It took me 8 months to make my first soap because I was so intimidated by the lye.  I've heard this a lot so you are not alone.  I'm working up to my 4th batch and getting more comfortable with it.  As was said above, respect it, be careful and time will take care of it.


----------



## amd (May 27, 2020)

dippy said:


> I might be overthinking things a little and overestimating the dangers.


You're not, really. It's much better to be aware and be cautious, than to underestimate the dangers and cause harm. I know a lot of people compare the lye safety as low risk as boiling water, but there are dangers in that. One of my sisters spent 6 weeks in the hospital because a pot of boiling water was flipped over onto her.

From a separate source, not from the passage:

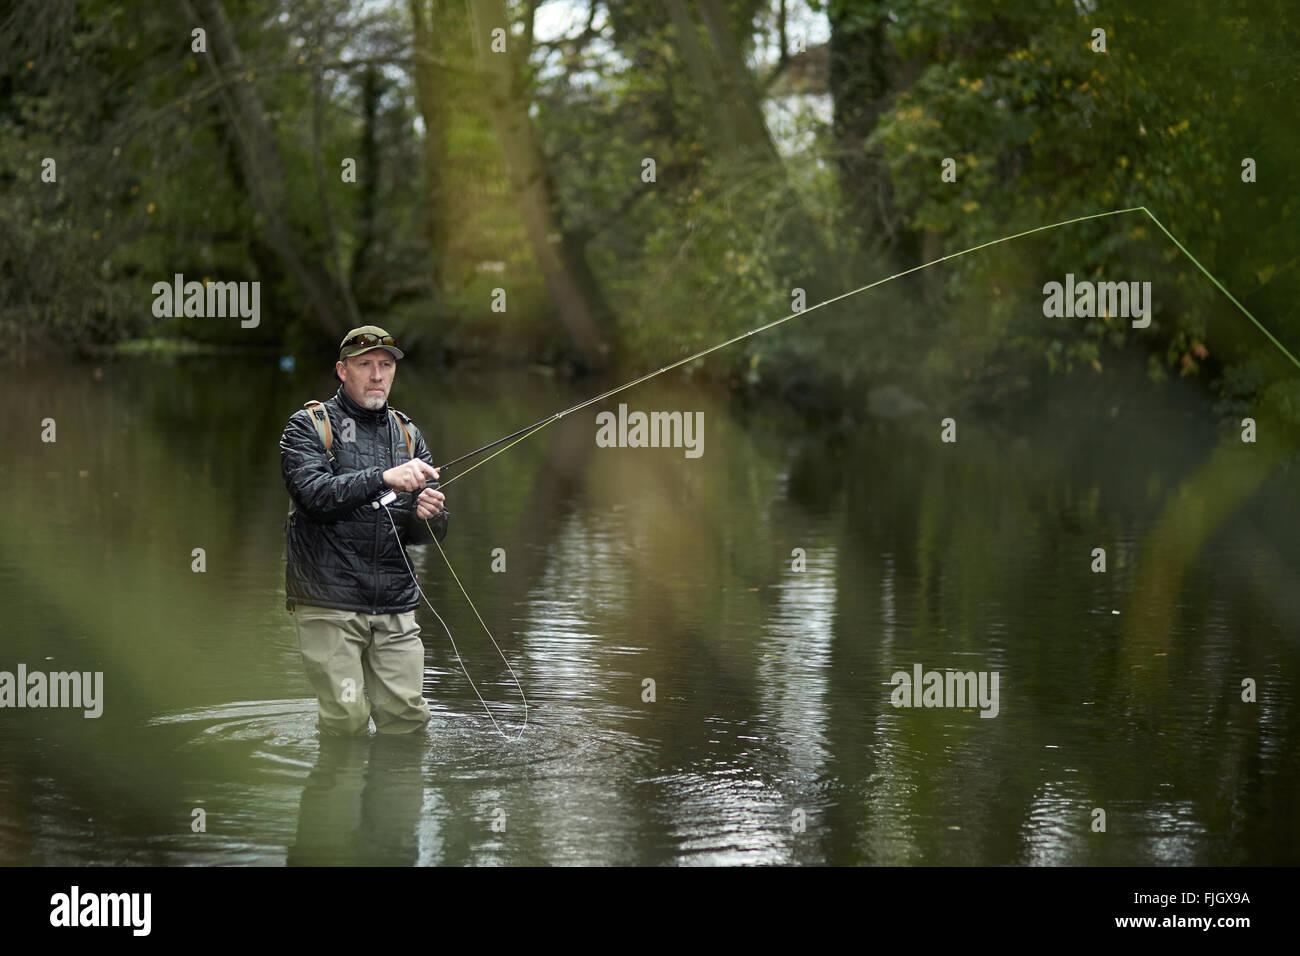 Un hombre pesca con mosca en un río - LONDRES, REINO UNIDO Imagen De Stock

There are precautions you take with lye, just like there are precautions you take with boiling water. Once you know how to handle it, it loses the scare factor.



dippy said:


> is it only like a burn from a hot oven or is it much more serious than that?

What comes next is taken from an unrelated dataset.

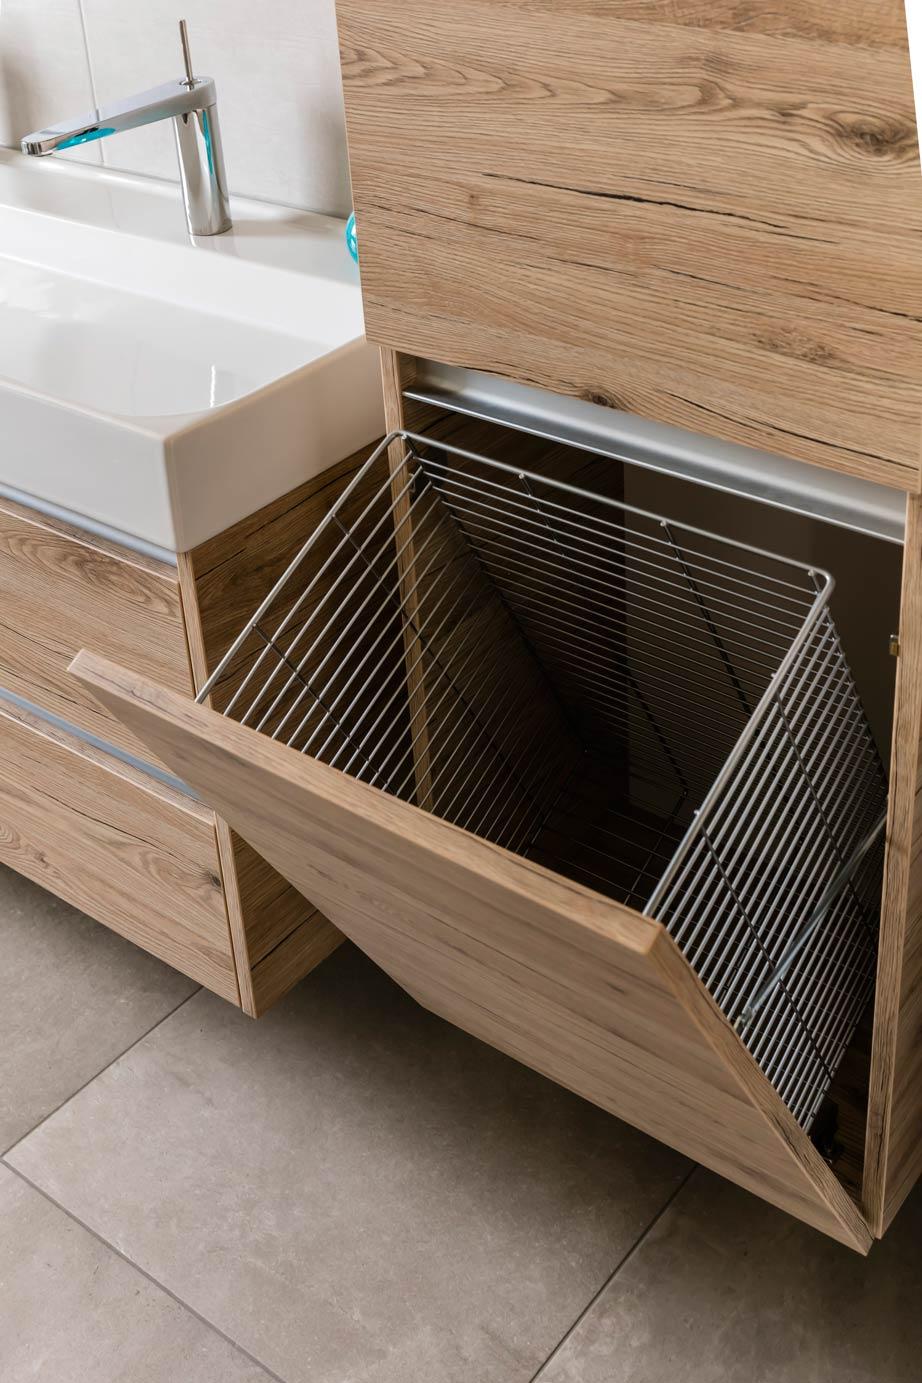 Goedkope Wasbak Badkamer : Badkamer kopen in ermelo lees klantervaring arma

Worse. I've been burned a few times (please wear shoes when making soap) thanks to being notoriously clumsy. It depends on where in the process the burn occurs how severe the burn will be. It's a thermal and chemical burn, which can be misleading. I have had burns flare up suddenly hours after making soap. The best thing to do is read the MSDS and learn how to handle the various situations you'll be dealing with the lye.



dippy said:


> When I was spooning it out it seemed almost static and small specs jumped slightly.


I haven't ever had static electricity... but I wonder if spooning it out was the cause? I always pour mine slowly into a separate measuring container.



dippy said:


> I am going to fill a plastic water bottle with dry lye and just keep that in the house with my soaping stuff and put the big tub in the garage - does that sound sensible


Yes. I would make sure to double container the big tub in the garage, maybe adding some dessicant bags to it as well. If your garage may be exposed to a variety of temperatures, it may also be exposed to different humidity levels, which your lye may be able to absorb if not well sealed. Somewhere on the forum, someone shared their 2 bucket storage method - large bucket with smaller lye filled buckets stacked inside, dessicant bags in the large bucket. All buckets had lids. [if I'm remembering this correctly!]


----------



## Jersey Girl (May 27, 2020)

I would make sure that your bulk lye bucket is air tight If you are storing in a garage that isn’t climate controlled.  If moisture gets to it it will get clumpy.


----------



## DeeAnna (May 27, 2020)

@kchaystack shared the dry bucket idea here awhile back.* I then did a little article and video about this -- Soapy Stuff: NaOH or KOH purity check

Edit: Can't find KCs original post about this idea, but here's a thread where he mentions it -- Search


----------



## cmzaha (May 27, 2020)

_*Worse. I've been burned a few times (please wear shoes when making soap) thanks to being notoriously clumsy. *_

I never wear shoes other than flip flops. If I spill I want to kick off that shoe and get my foot under cold water asap. I do not want the lye solution dumping into a pair of shoes. I also do not wear long sleeves for the same reason. While I do not wear goggles I do wear glasses and I can tell you from experience splashes do happen, and my glasses are a testament to that. I have two specks in the finish that are going to cause me to purchase new glasses eventually from lye damage. If I did not have my glasses on it would have been my eye that got the lye speck. What I am notorious for is getting a speck of lye on the side of my cuticle and it seems to burn forever, no matter how much cold water I run over it. Not sure how I manage it but I do that quite often and I always wear gloves.


----------



## dibbles (May 27, 2020)

Always wear goggles. I also suggest wearing gloves, at least until you get an idea of how messy your soap making processes are. I find I frequently get soap batter somewhere on my hands and I wouldn't ever make soap without gloves.


----------



## dippy (May 27, 2020)

Yes I would always wear goggles even though i wear glasses as I wouldn't like to take the risk. And I am comfortable in nitrile gloves so think I would continue with those. I can understand both sides of the sleeves/sleeveless debate though so I will see how I get on.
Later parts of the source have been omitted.